Brazilian President Dilma Rousseff
Brazilian President Dilma Rousseff
In addition to Brazil’s National Bank financing the Mariel project with a $682-million loan, the construction was also handled by Brazil’s mega-corporation Odebrecht, the equipment came from China and other places, and the port operating company, PSA International Pte Ltd., is from Singapore. During the ceremony, Rousseff noted that Cuba also purchased more than $800-million in goods and services from Brazilian suppliers during construction, perhaps further fueling the argument that the U.S. should have taken a more proactive role in financing and thus benefitting from this, the largest infrastructure project in Cuba in decades. The priority during the next phase of improving Cuba’s transportation network, Castro said, will be upgrading the island’s rail system to help give the renovated port more value and lower transportation costs – a project that Brazil, if current involvement is the barometer – will be standing by to help with. “This container terminal and the powerful infrastructure accompanying it are a concrete example of the optimism and confidence with which we Cubans see a socialist and prosperous future,” Castro told the ceremony.
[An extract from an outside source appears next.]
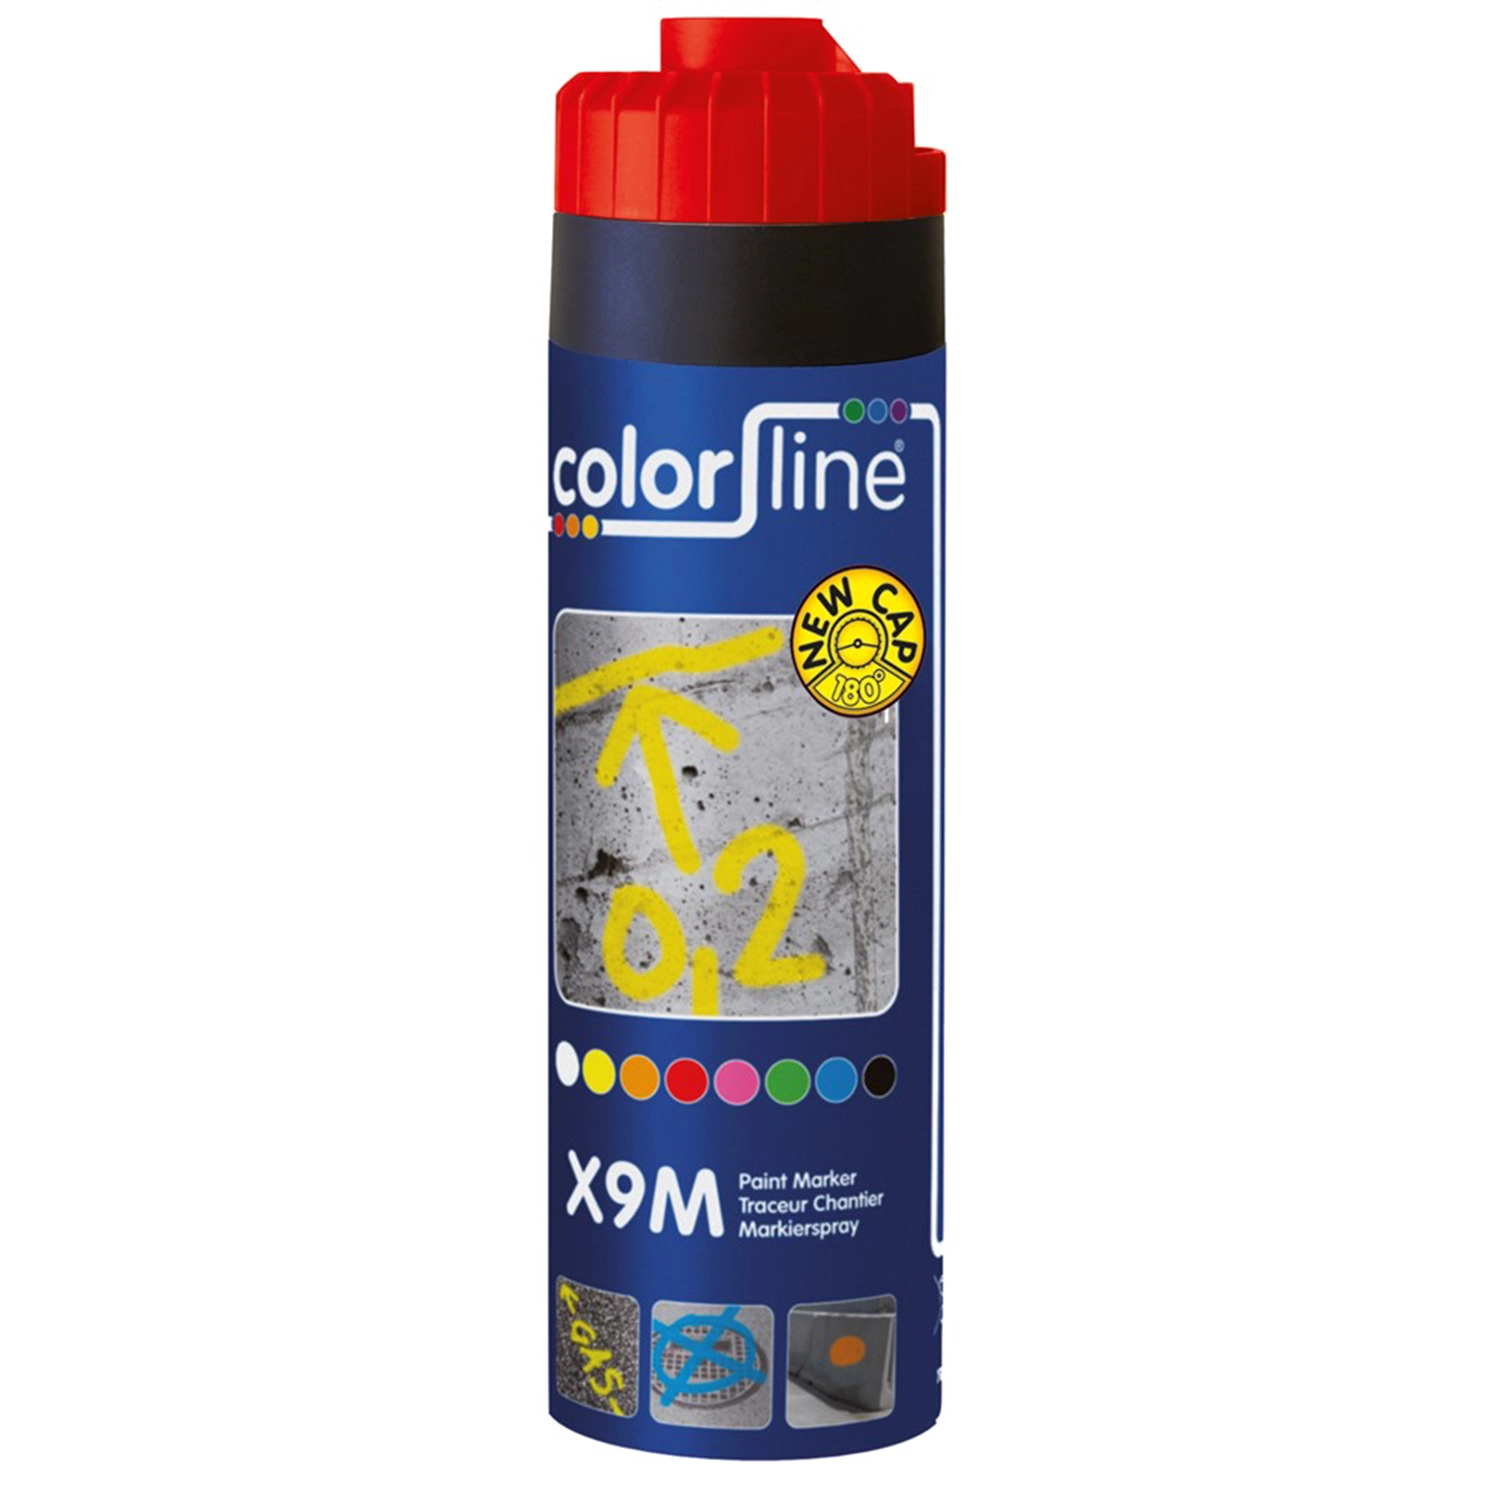 COLORLINE X9M Paint Marker - 500 Ml - Rood - Rode verfmarker met 500 ml inhoud en COLORLINE-logo.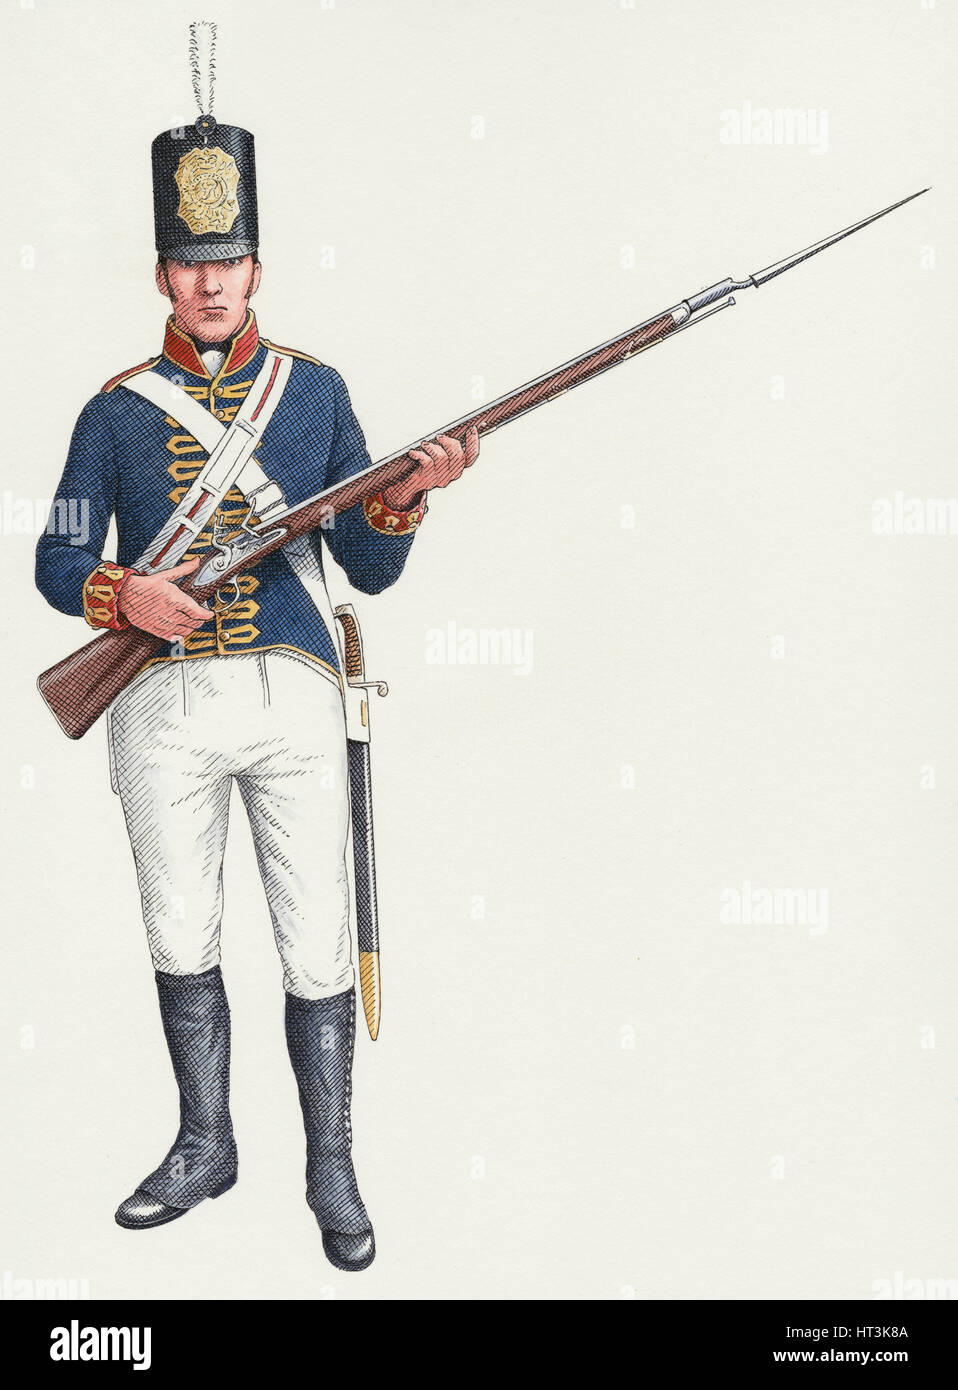 Napoleonischen gewöhnlicher Schütze aus einer königlichen Artillerie ungültig regiment 1803-15, (c2000-2015) Stockfoto

When the project is complete, the port, built on the site of a former U.S. submarine base, is expected to be able to handle one million containers annually, three times that of its current port in Havana punctuating Cuba’s presence as a state-of-the-art port for the future. Ironically this site was once home to one of the largest exoduses of Cubans in history. In 1980, over 125,000 Cubans took to the shore of Mariel to be lifted to South Florida. Now, this former U.S. Naval base land finds itself repurposed as an entryway for businesses seeking to benefit from the country’s open door trade policy. A door it hopes will be utilized in the near future by American businesses looking to further near-source trade.